WHOEVER stays until the end, will tell the story. We did what we could. Remember us.” These were the words written by doctors on a hospital whiteboard in Gaza. It is hard to read them without a lump in your throat.

One of them, Dr Mahmoud Abu Nujaila, has since been killed, alongside two of his colleagues, and the hospital they were written in, Al-Awda, is one of many damaged by Israeli air strikes.

Earlier this week marked 100 days since the Hamas massacre on October 7, when hundreds were murdered in Israel and hundreds more taken hostage. It was a sickening and heinous act of terrorism. That pain has only been prolonged further for those whose friends and family were taken against their will.

READ MORE: Israel destroys last university in Gaza as strikes continue on civilian shelters

In the months since, Israel has responded with a brutal campaign of ethnic cleansing and massacres of its own against the two million civilians in Gaza. Analysis from Oxfam has found that the daily death toll of the war is higher than that of any other 21st century conflict. More than 23,000 Palestinians have been killed, around a third of them children. Nearly 10,000 more are missing, the vast majority of them almost certainly also dead and buried under the rubble of their homes.
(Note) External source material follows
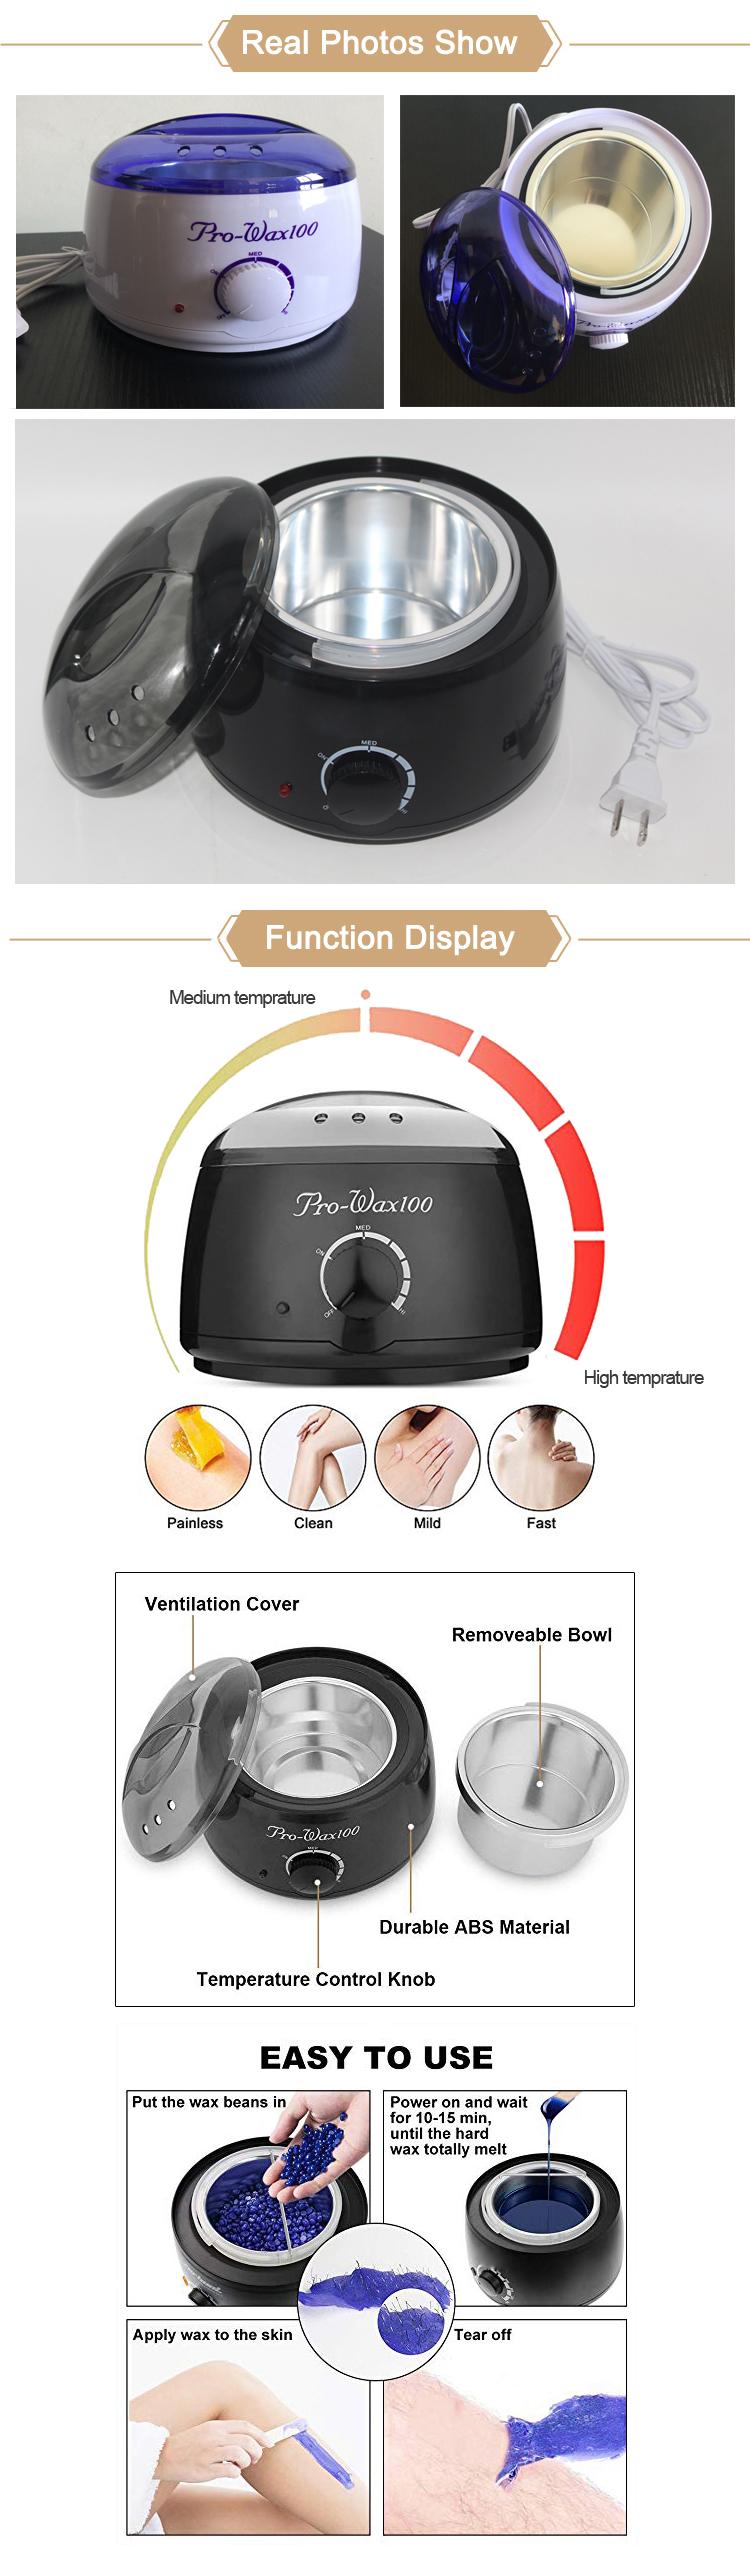 2018 Professional Pro Wax 100 Wax Warmer Heater Hair Remover

Entire families have been murdered, with nobody to carry on their name and legacy. More than ten children a day are forced to have their arms or legs amputated. One harrowing video shows a father forced to amputate his daughter’s leg without anaesthetic.
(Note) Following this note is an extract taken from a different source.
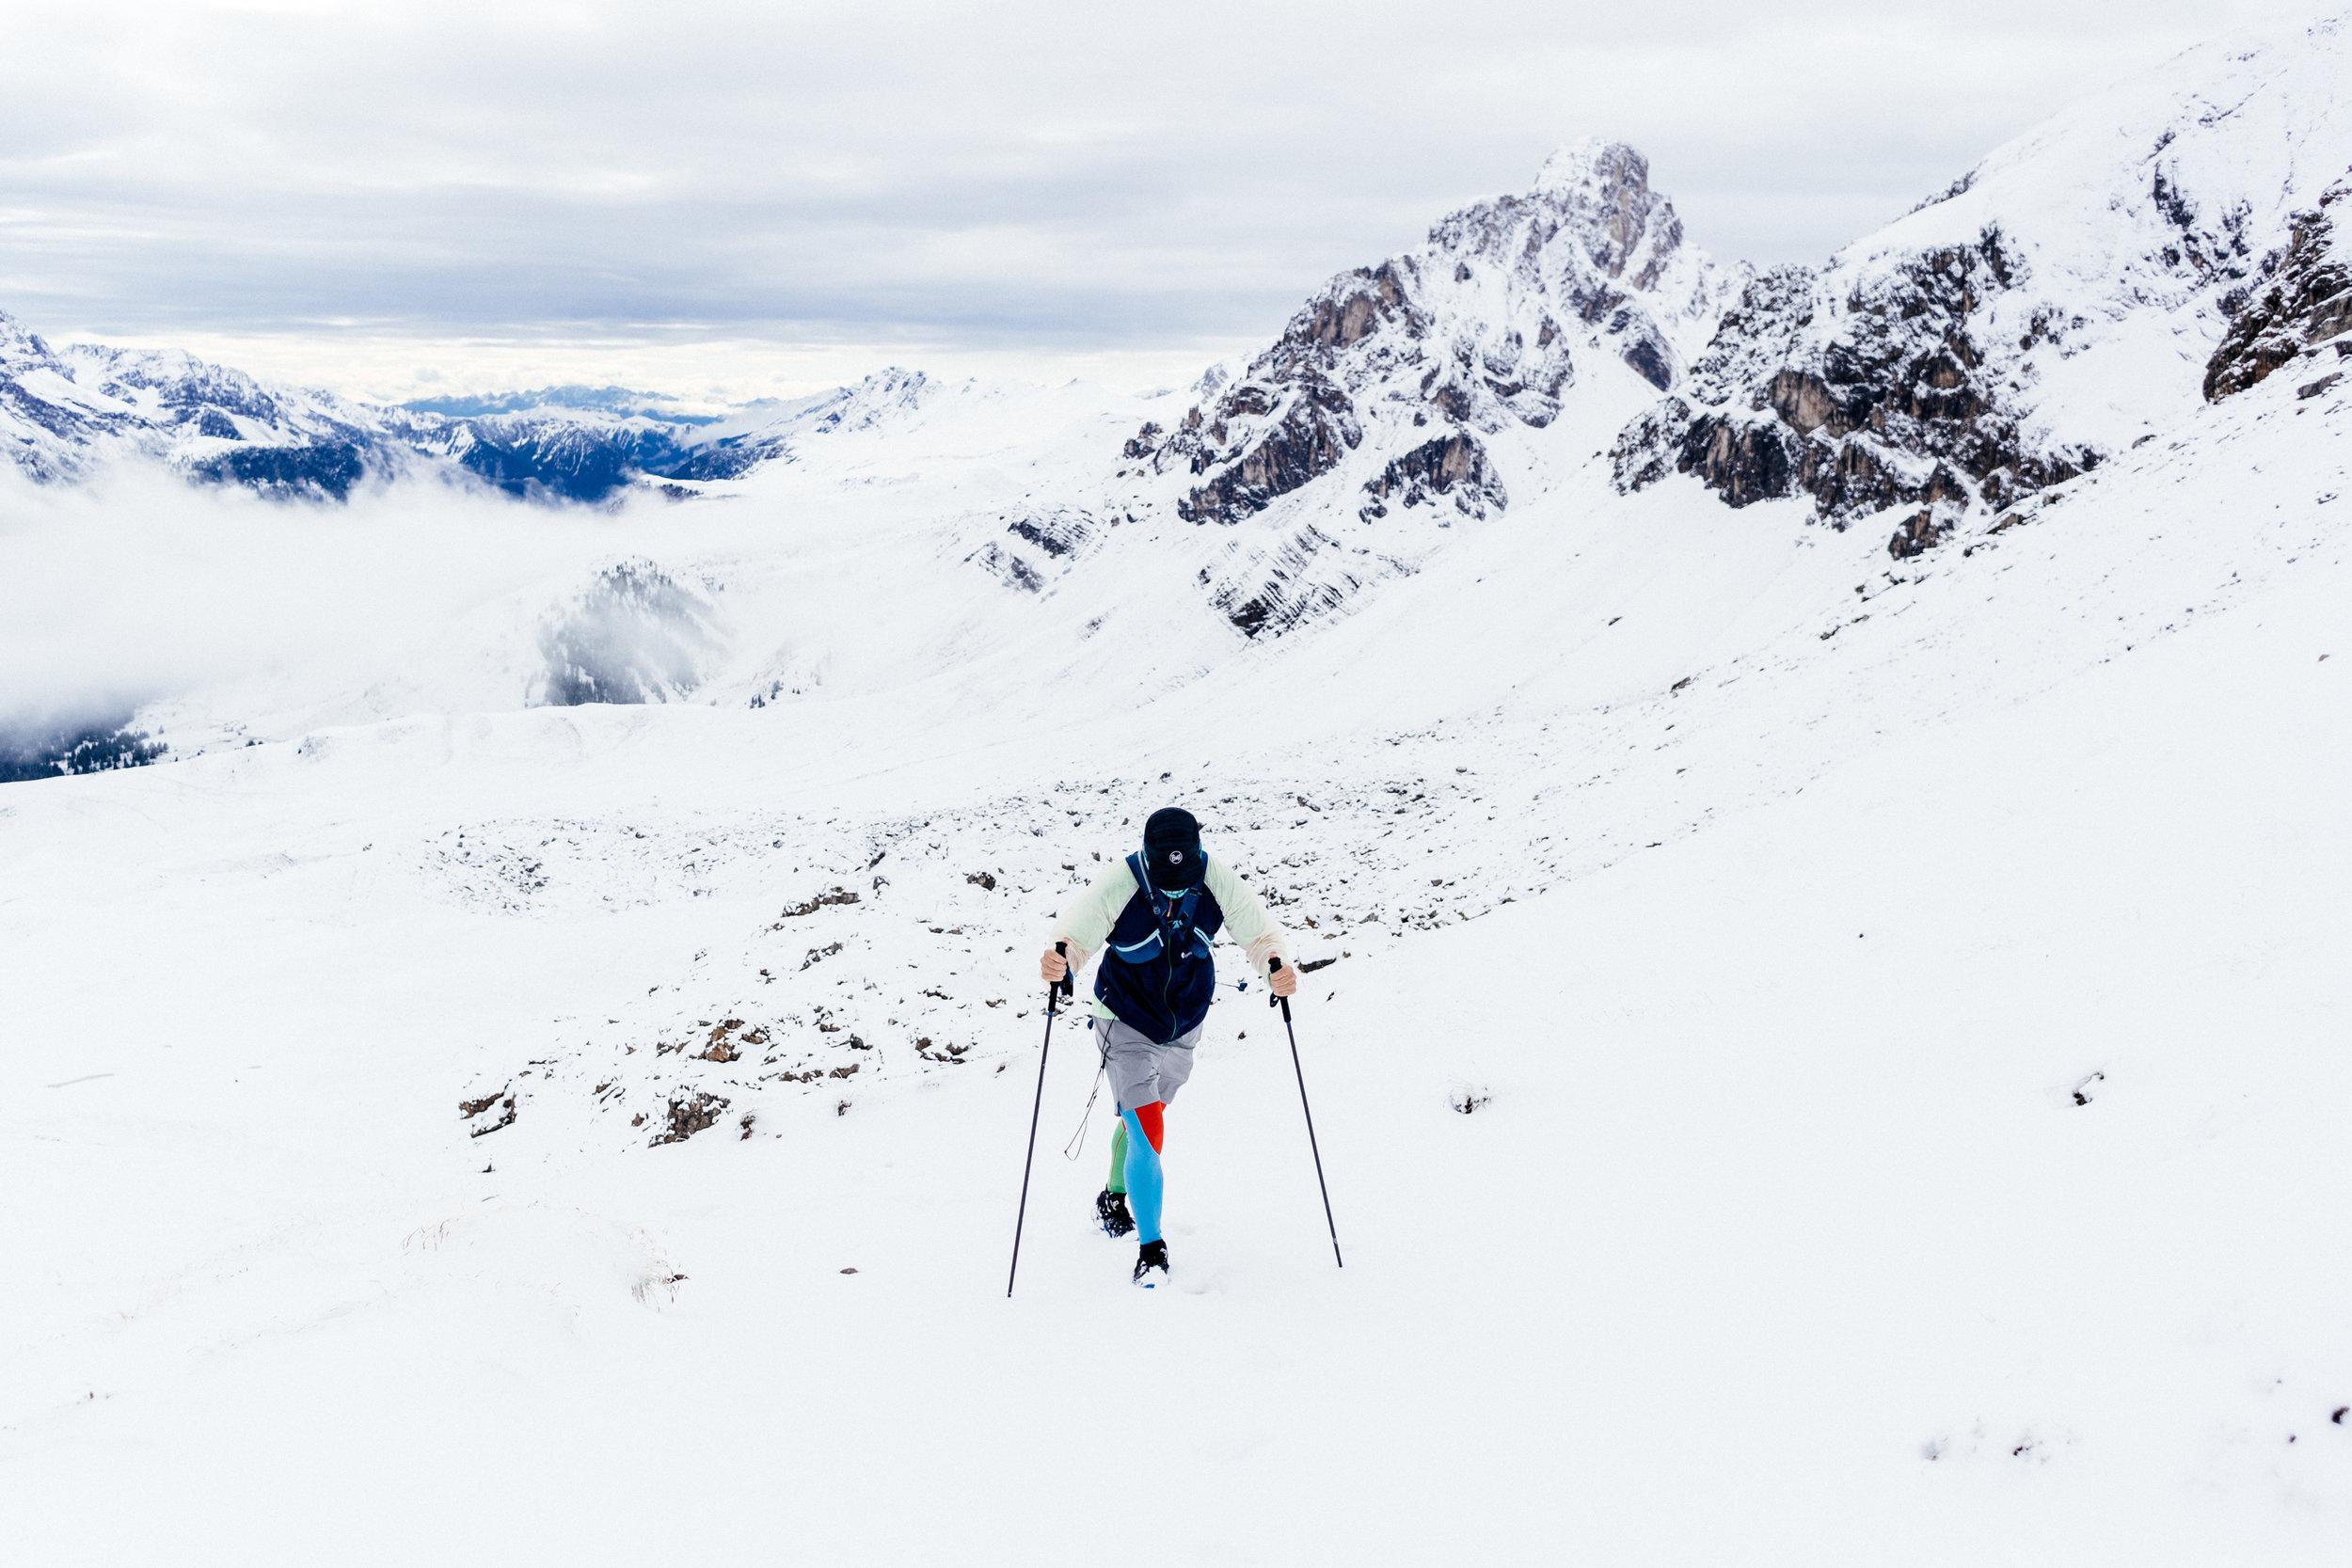 Dolomites-ChrisBrinleeJr-SEP17-84.jpg

We are constantly told that the Israeli military is the “most moral army in the world”, but the overwhelming evidence presented to the International Court of Justice (ICJ) and filling our social media feeds shows what a sinister lie that is.

Nobody can say that they didn’t know. It is hard to think of a campaign of ethnic cleansing that has taken place so openly, so brazenly, and so publicly. Israel may turn off the electricity for people in Gaza, but brave journalists and civilians have managed to expose the horrors, and share stories from the frontline of the suffering.

That is why we have seen drone footage that exposes street after street of bombed-out and uninhabitable buildings. It is how we have seen and heard the voices and stories of the thousands of families forced to leave everything, and flee to safety on the other side of Gaza, only to have their supposed safe zones – declared as such by Israel – bombed too.

Some of the most damning evidence has come from videos filmed by Israeli military personnel, as they openly flout international law and brazenly boast of the war crimes they are committing.

All of this has been cheered on, encouraged, and even celebrated by an Israeli government that has made clear its utter contempt for Palestinian lives. The language hasn’t just been callous, it has been genocidal.

READ MORE: At least 89 Palestinian journalists killed whilst reporting in Gaza

Far from a few rogue voices, it was the Israeli president, Isaac Herzog, who set the tone and called for collective punishment of the whole Gazan population: “It’s an entire nation out there that is responsible. This rhetoric about civilians not aware, not involved, it’s absolutely not true.”

He is not the only one. Senior ministers in the Israeli government have called for ethnic cleansing and a modern-day Nakba – the genocidal campaign against the Palestinians in 1948, which established the State of Israel. Government minister Amihai Eliyahu called for an end to humanitarian aid and a nuclear bomb to be dropped on Gaza.

This kind of brutality needs more than a powerful military with a contempt for international law.

It also needs the backing of complicit governments who will arm, support, and aid the war. Some, like the US and the UK, have been utterly unbending in their support, and have effectively handed Israeli forces a blank cheque for war crimes. The world will not forget the shameful role that these politicians have played in legitimising and in ultimately prolonging the suffering.

It also requires silence. That means the silence of institutions and leaders who cannot even bring themselves to condemn the crimes.

We have seen where that leads in the UK, with the pathetic spectacle of Keir Starmer and the Labour frontbench tying themselves in knots to avoid criticising Israeli forces. Starmer appears to be paying lip service to the need for a ceasefire now, after leading his MPs to abstain when Stephen Flynn brought it to a vote at Westminster.

War crimes do not justify further war crimes. The atrocities of Hamas do not justify the atrocities of Israel. That’s why the South African case to the ICJ is so important.

Across 84 pages, its lawyers have authoritatively and meticulously documented what they believe are Israel’s genocidal intent and actions. The ICJ hearing was historic, but it is a moral travesty that the crisis has been allowed to reach this level.

The last hundred days have left a trail of destruction and scars that will never heal. With the escalation of violence in the Red Sea, the conflict is taking an increasingly international dimension, underlining the urgent need for a ceasefire.

Gaza cannot take another hundred days of carnage, nor can the families who have had loved ones taken hostage. But this conflict didn’t begin 100 days ago – Palestinians have endured decades of occupation, apartheid, and systematic brutality.

We don’t have to live in a world where doctors are forced to write their last messages in damaged operating rooms before being murdered by their occupiers’ bombs.

We all have a responsibility to work for a ceasefire and a just, lasting peace.